York County School Board Approves Budget with Potential Shortfall

The York County School Board unanimously approved the next fiscal year's operating budget Monday. (Colin Riddle/WYDaily)
The York County School Board unanimously approved the next fiscal year’s operating budget Monday. (Colin Riddle/WYDaily)

Next fiscal year’s budget for the York County School Division will make its way to the Board of Supervisors with step increases for all employees.

The School Board unanimously approved the $132 million operating budget Monday with a potential shortfall and the Capital Improvements Program in mind.

The requested budget is about a 2 percent increase to last year’s $129 million budget and includes about $2.4 million in additional revenue from the state.

It also requests about $1 million more from the county than last year, despite the county’s proposed budget including about $365,000 more for schools – a gap the school division will need to close if the county’s Board of Supervisors does not increase the contribution before the budget’s adoption in May.

Superintendent Victor Shandor’s budget originally called for an additional $1.2 million from the county, however, more revenue from the state than originally budgeted allowed the school division to reduce the request.

Shandor had earmarked the additional revenue for mandated services and about $126,000 for textbooks and materials during a work session last week.

School board member Cindy Kirschke recommended at the work session, with the board’s consensus, the school division consider using some of the additional funds to reduce their request to the county as a show of good faith in working with the Board of Supervisors to meet the county’s budget, which is proposed without any tax increases.

Shandor recommended removing the $126,000 for textbooks and materials to do so.

“I think as things progress along we should have another meeting to bring some things to the table as we know we will most likely have to come to our table to prioritize some difficult decisions to close the gap,” school board member Mark Medford said.

Medford continued to push the importance of the Capital Improvements Program as well, which has been discussed in detail during the budget process this year and is likely to see a number of reductions as proposed by County Administrator Neil Morgan and staff.

Morgan previously said the county is making reductions to the six-year capital plan in order to use more realistic figures with the county’s borrowing power based on the operating budget.

“This is the first year we’ve seen that out front as much as it’s been, and I think we need the community to realize that document is in some cases just as critical, if not more than, the operating budget that we’re going to have to go back and revisit,” Medford said.

Kirschke added it would be a good idea to see if the Board of Supervisors had any questions or additional information prior to another joint meeting in order to better discuss some of the challenges facing the school division regarding the budget and capital projects.

A surplus from Federal Impact Aid could be used to help capital projects in the next few years.
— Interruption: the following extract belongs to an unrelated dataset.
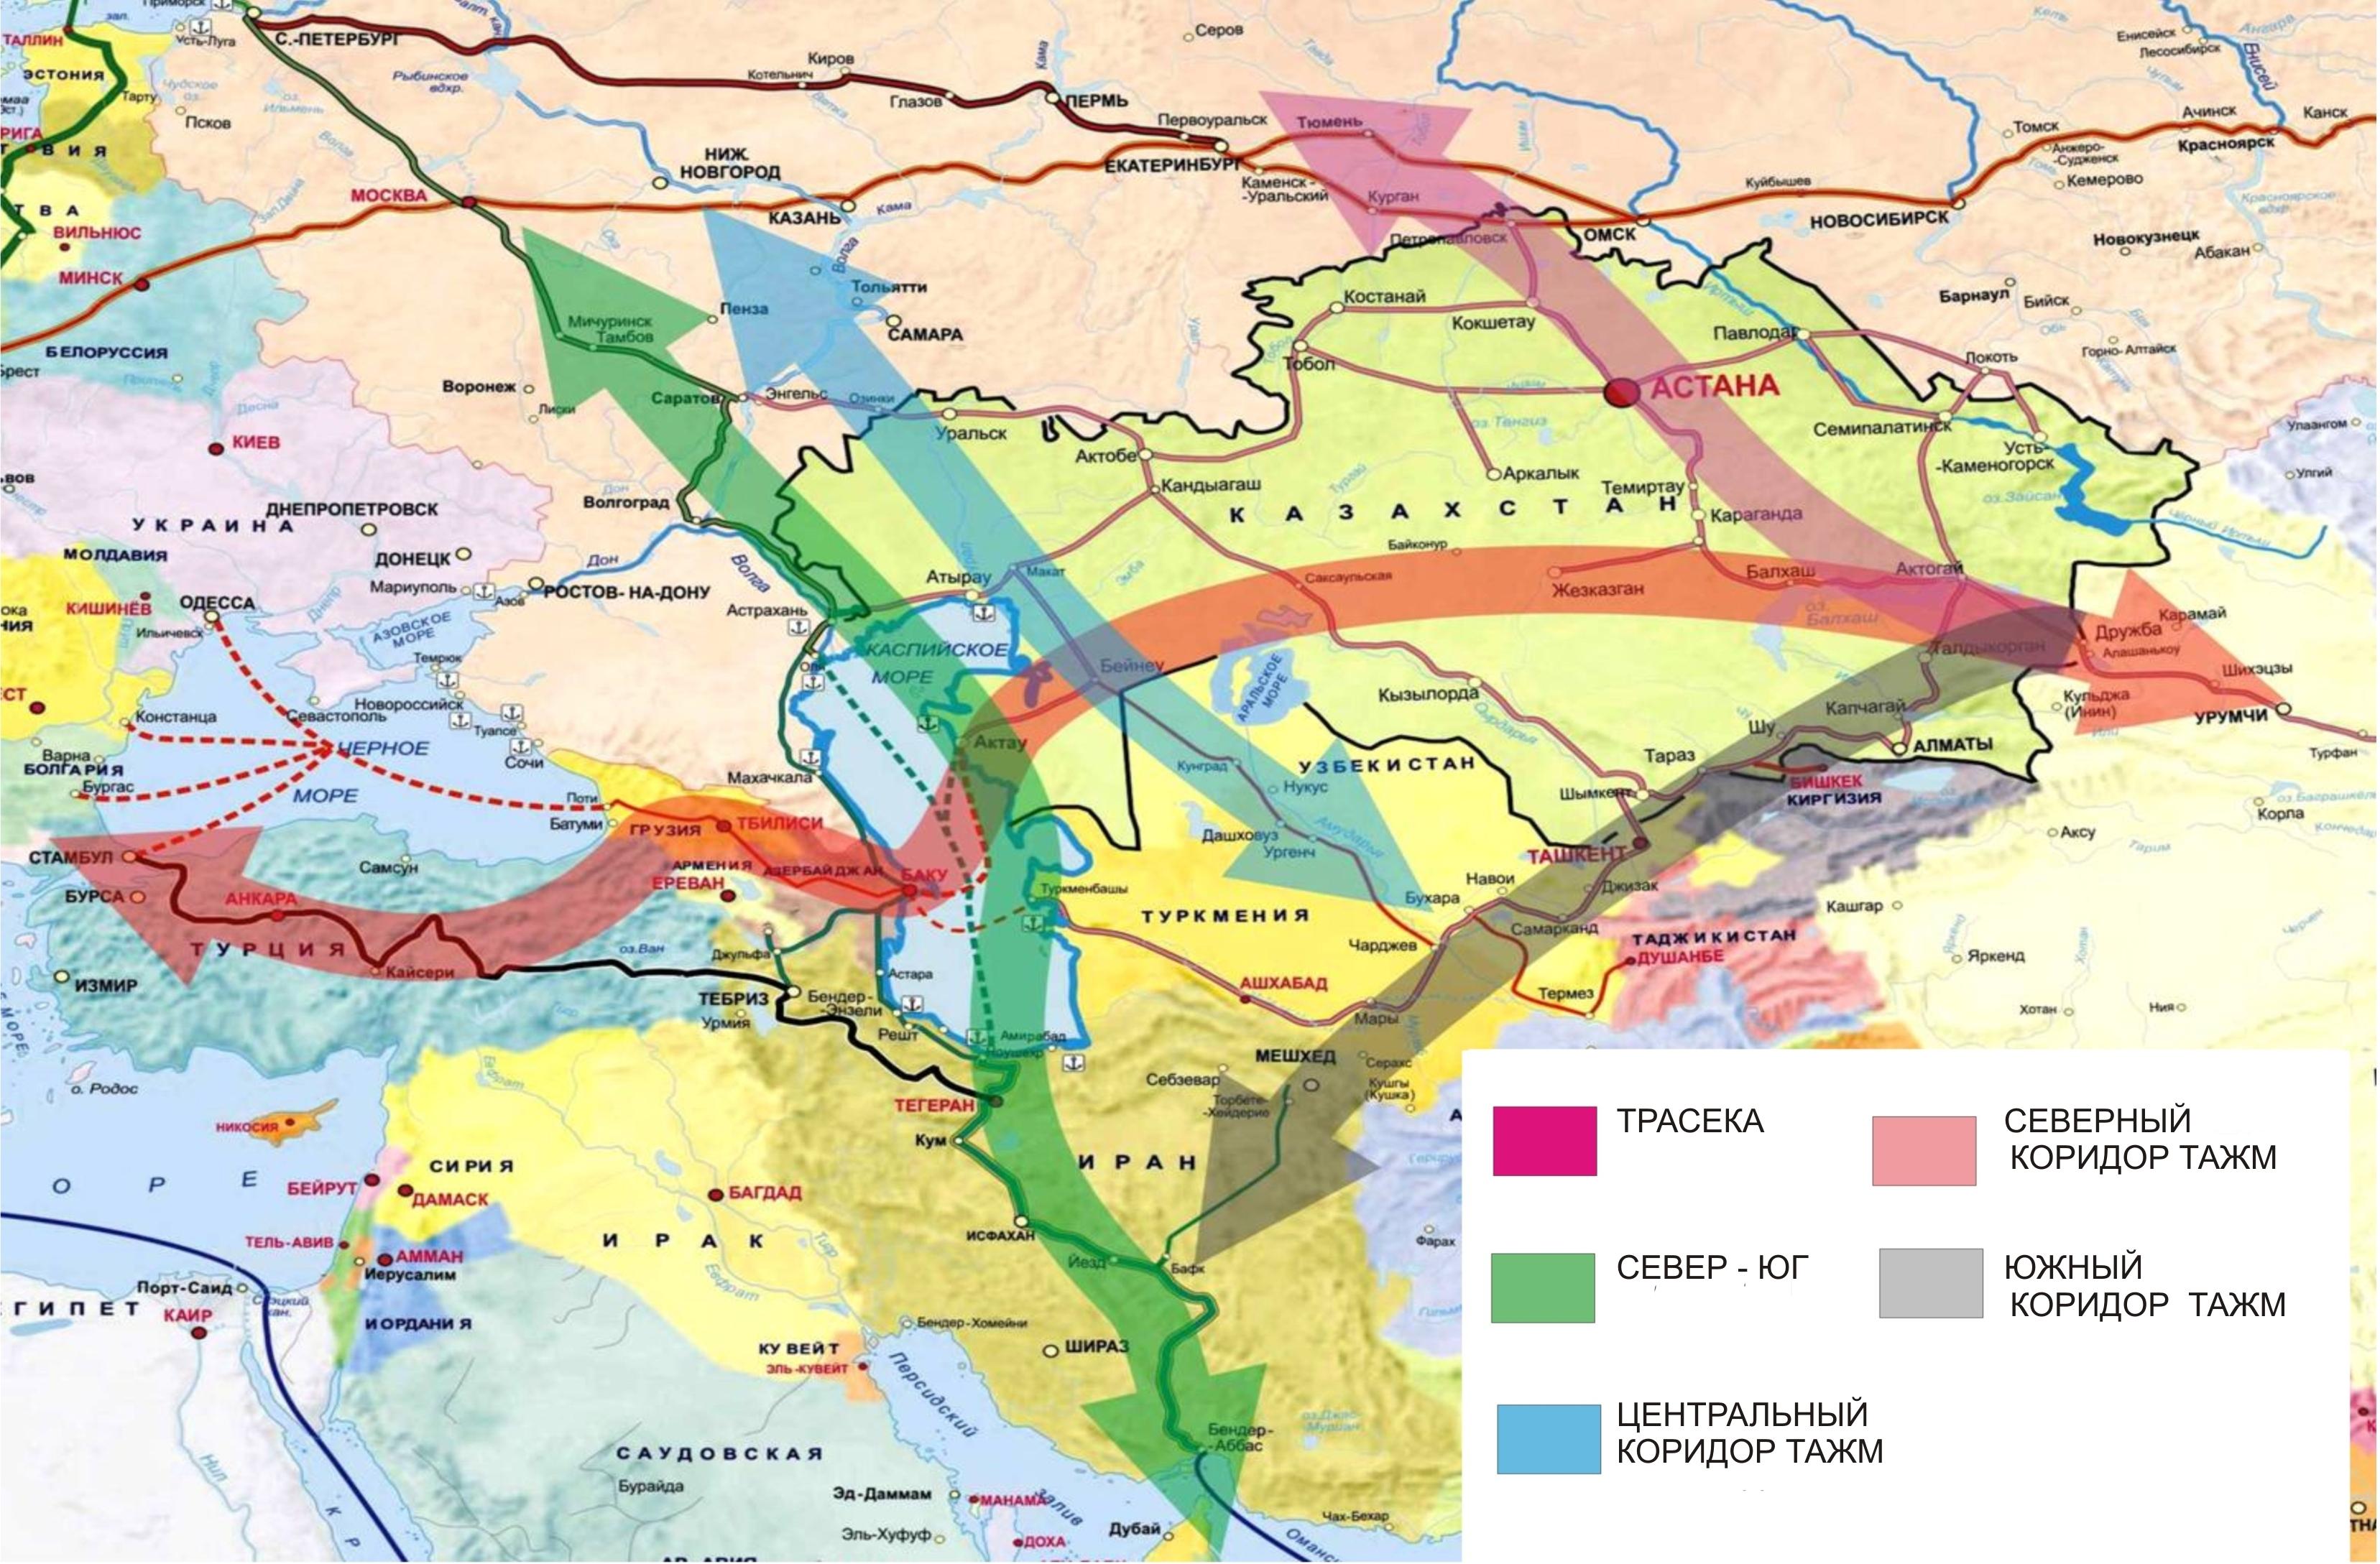 ТРАСЕКА // Министерство транспорта и коммуникаций Республики Казахстан

The school division is expecting about $4.3 million in back payments from Federal Impact Aid at the end of the current fiscal year.

Those funds will be placed in a reserve account used as a revenue stabilization fund for the schools.

The school division has requested – and the county has proposed – using $900,000 from that fund to supplement the school’s operating budget to help offset a $950,000 reduction to Impact Aid funds next year.

About $2.6 million in additional expenses in the school division’s proposed budget are geared toward step increases in compensation for school division employees, including step raises for all eligible staff by about 2 percent on average and restoring one step for staff who have lost four steps.

The budget also includes more compensation for substitute teachers, cafeteria managers and summer maintenance and custodial workers among others.

A 5-percent increase in health insurance costs requires about $500,000 from the school to pay the employer portion, and an increase of about $748,000 for mandated services is projected, including a rate increase to the Virginia Retirement System, additional special education teachers and additional Limited English Proficiency teachers among others.

The school division proposed about $950,000 in reductions from the the current budget, including an anticipated $600,000 in attrition from retiring employees.

The Board of Supervisors will have a public hearing on the county’s proposed budget April 21, following work sessions throughout April. Scheduled adoption for the budget is May 3.